Leading global television networks accused of illegally promoting corrupt Malaysian politicians – Sarawak Chief Minister, Abdul Taib Mahmud, had bought himself airtime to spread blatant lies over Borneo rainforest logging.

CNBC, the American satellite and cable television news channel, has withdrawn its international business show, “World Business”, following allegations that the show’s production company, FBC (“Fact Based Communications”), was doubling as a PR firm for corrupt Malaysian politicians. Meanwhile, the British BBC, another FBC customer, has suspended broadcasting all FBC-produced programmes and launched an internal investigation.

Last Monday, Sarawak Report, a news website run by Clare Rewcastle, the sister-in-law of former British Prime Minister Gordon Brown, revealed that the UK-based FBC Group had been paid 5 million US dollars by Abdul Taib Mahmud (“Taib”), Chief Minister of the Malaysian state of Sarawak, to promote the politician’s battered international reputation.

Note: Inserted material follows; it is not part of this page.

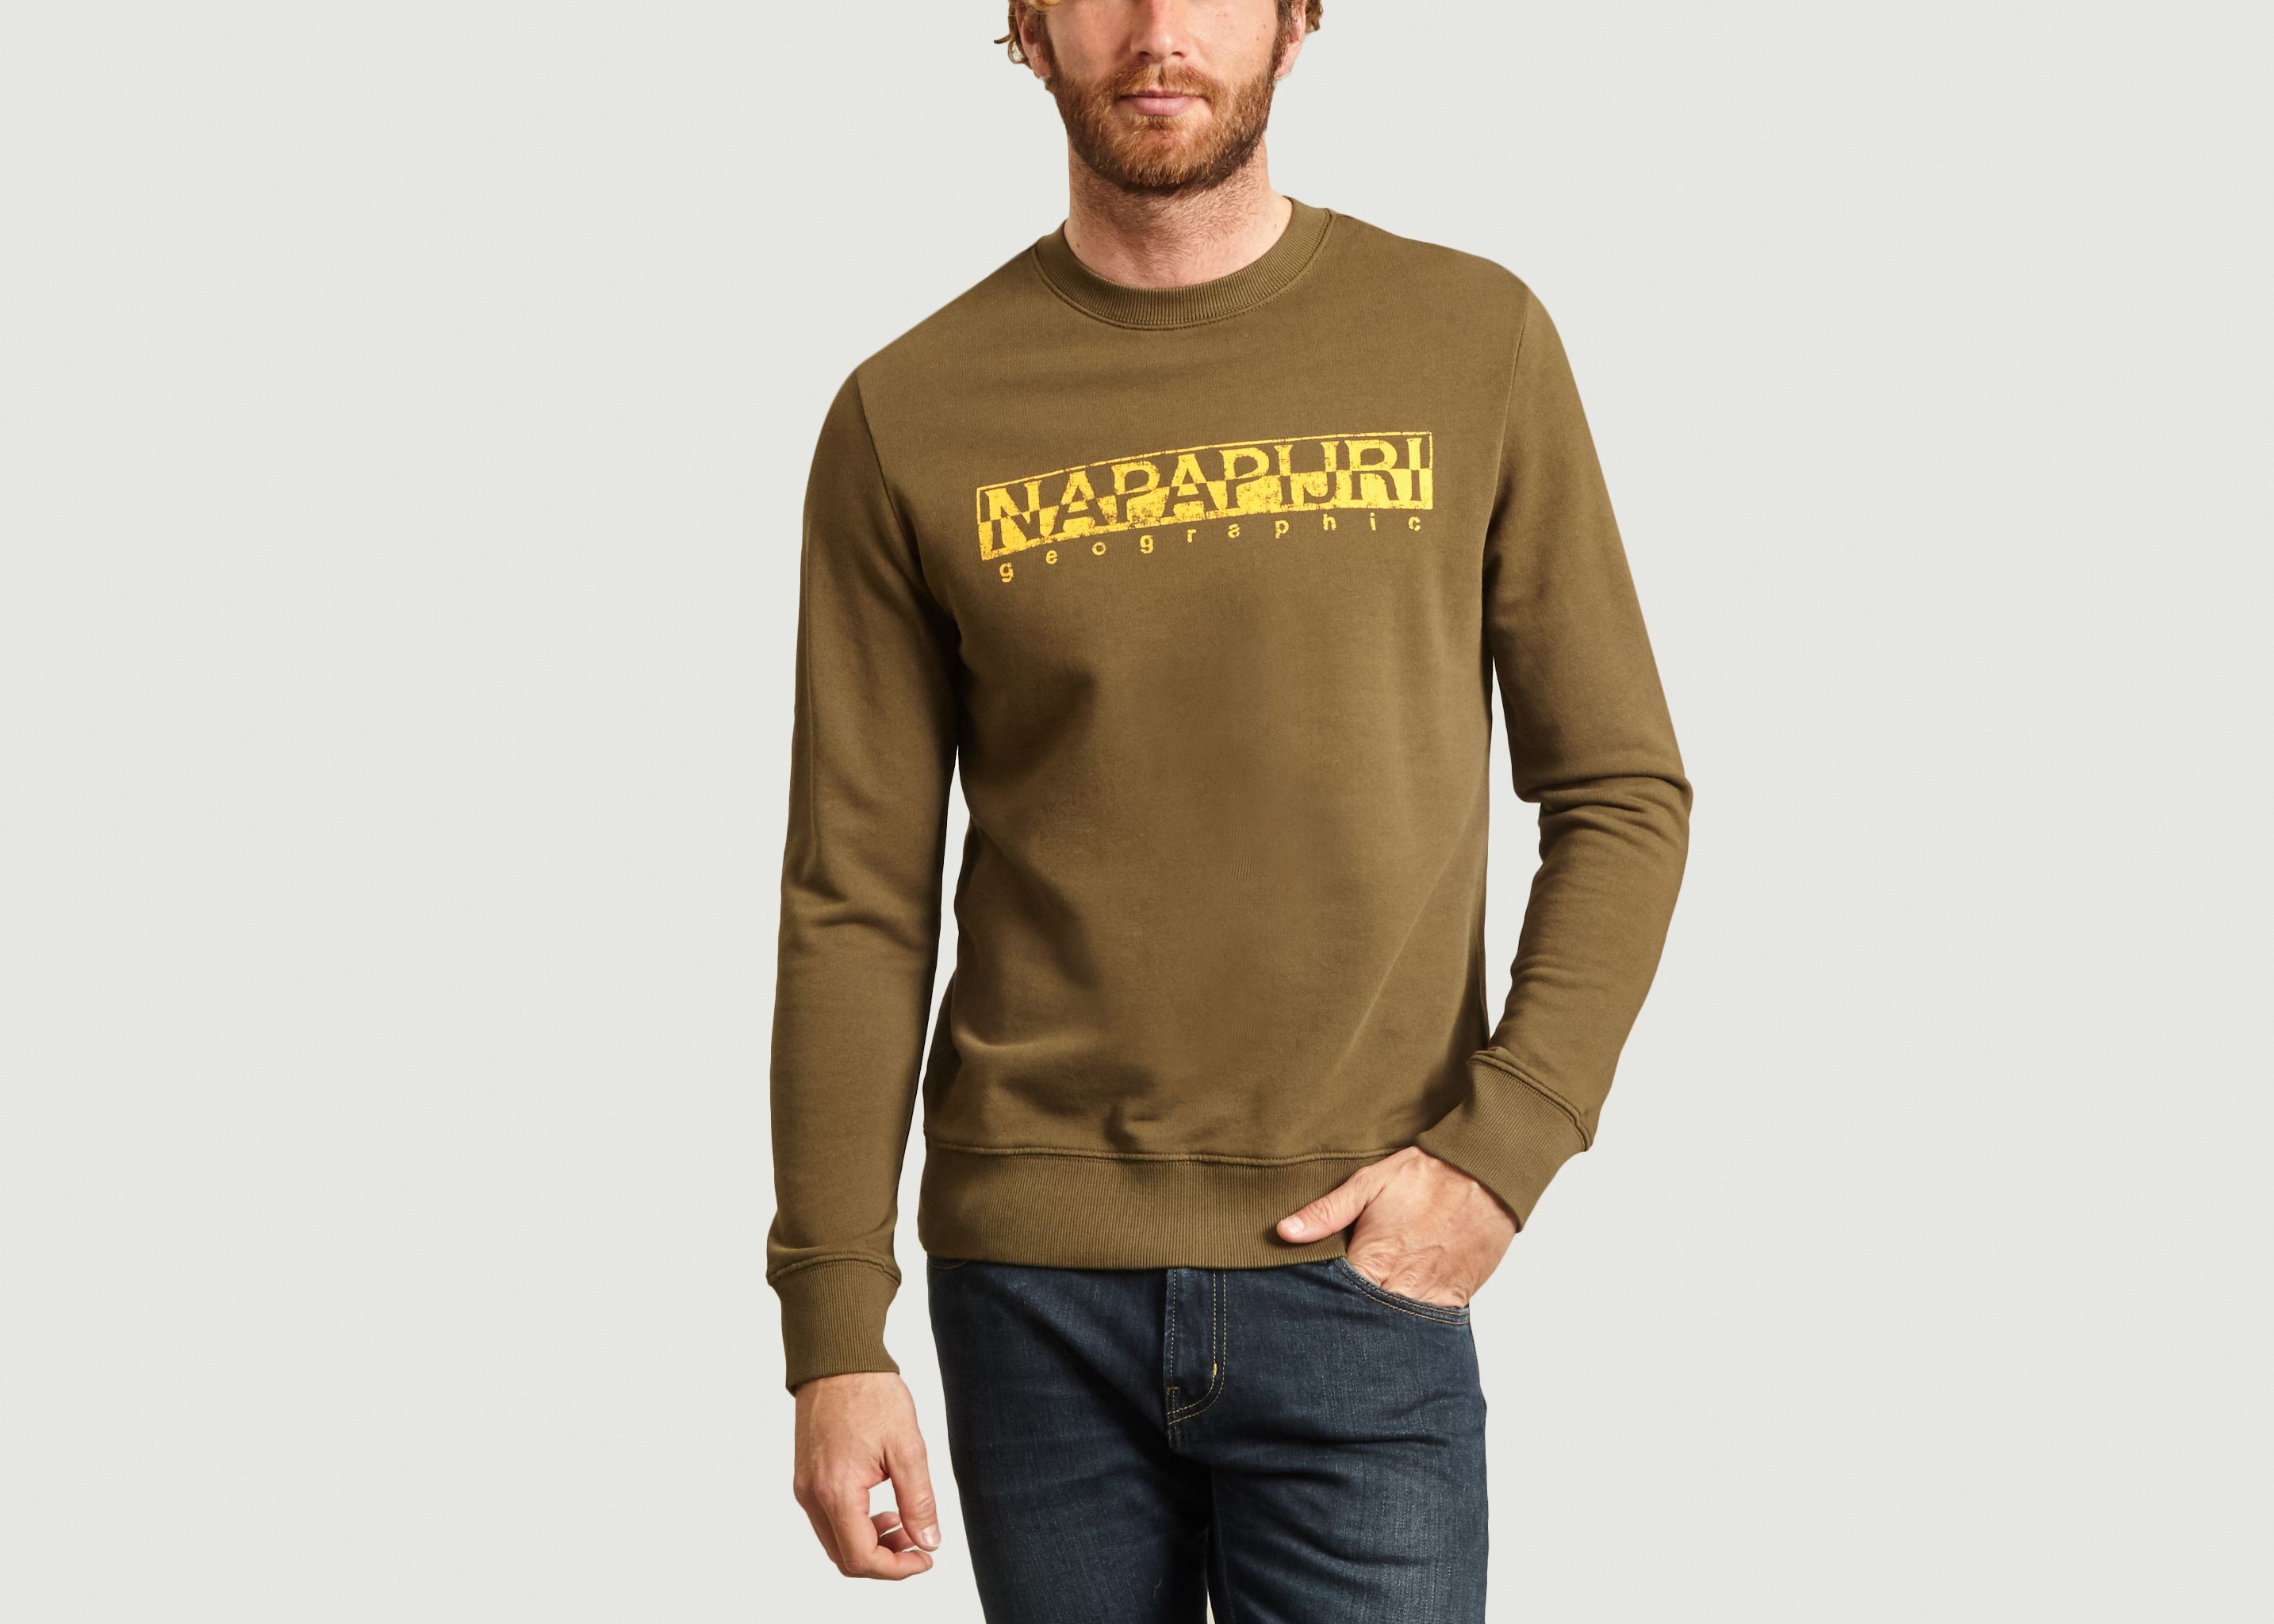 Bolanos C sweater - Napapijri

Other payments to FBC have apparently been made by the Malaysian Prime Minister, Najib Razak, and by Sime Darby, a palm oil group responsible for clear-cutting large tracts of tropical rainforest in Malaysian Borneo.

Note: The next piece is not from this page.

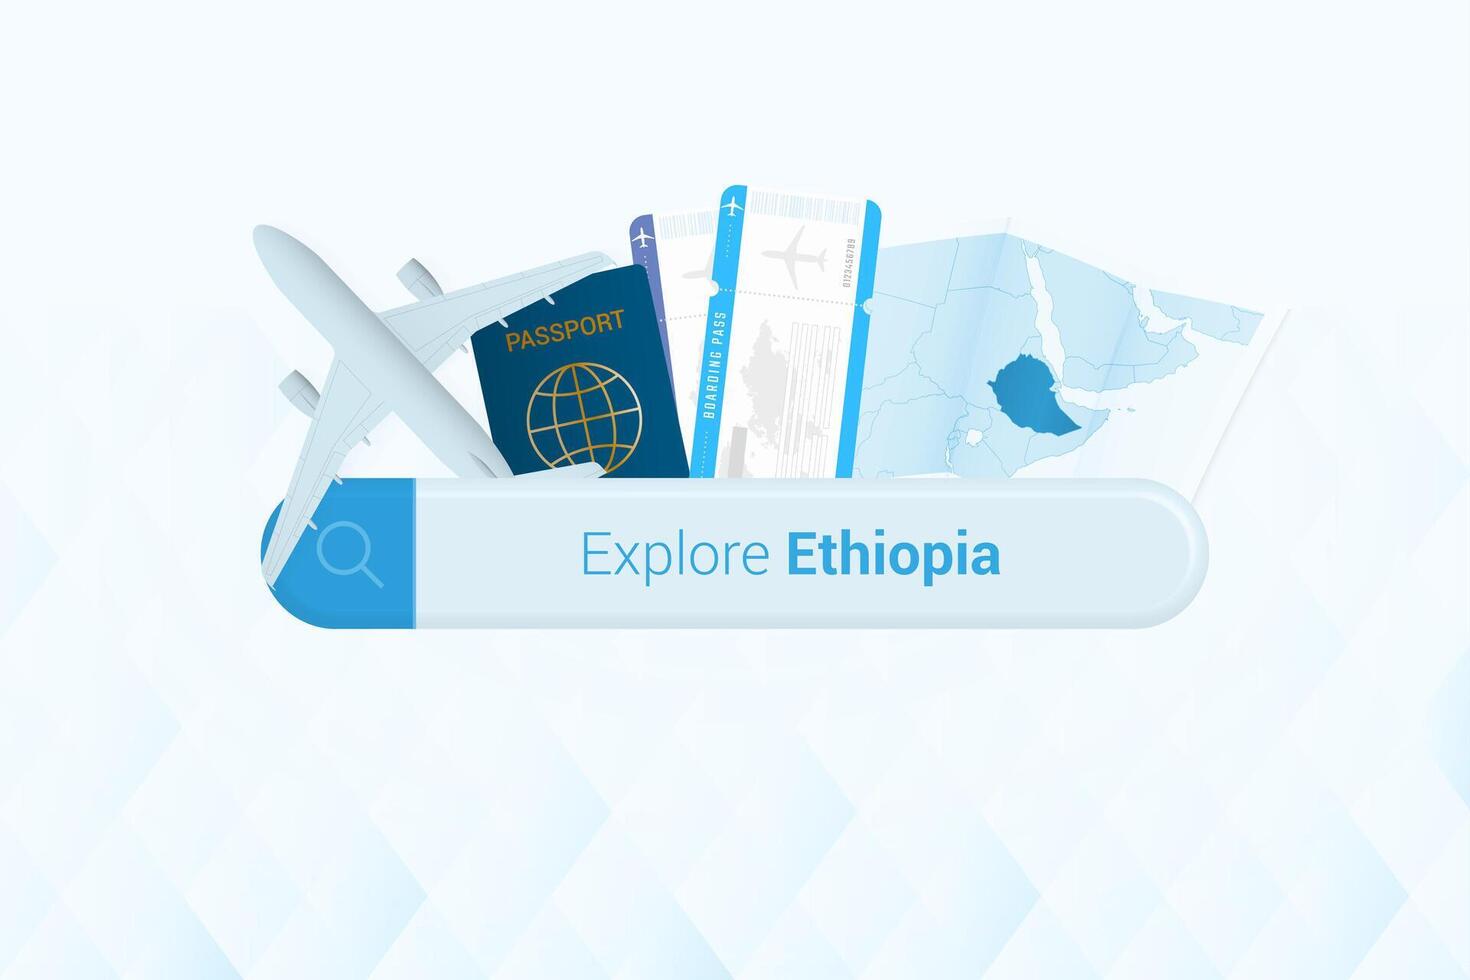 buscando Entradas a Etiopía o viaje destino en Etiopía. buscando bar con avión, pasaporte, embarque aprobar, Entradas y mapa. vector

On 27 March 2011, the CNBC’s “World Business” show broadcast an interview with Taib, in which he claimed that 80 per cent of the state’s forests were “almost intact” tropical rainforest. The statement was broadcast uncommented despite being in stark contrast to all independent analysis and to Taib’s own earlier statements. In April 2001, Taib publicly admitted that 90 percent of the state’s harvestable trees had been felled.

By broadcasting sponsored news and current affairs programmes, the CNBC and the BBC appear to have breached British and American media regulations.
The Bruno Manser Fund is shocked to learn that leading global television networks are broadcasting shows that are unlawfully sponsored by corrupt Malaysian politicians and by companies responsible for the destruction of Borneos’s unique tropical rainforests.

We demand that CNBC and the BBC apologize to the public over the broadcasting of sponsored FBC shows that are distorting the facts. In particular, we are asking CNBC to send a team of investigative reporters to Sarawak to accurately report on the extent of the Taib regime’s corruption and the rapid destruction of Borneo’s natural environment.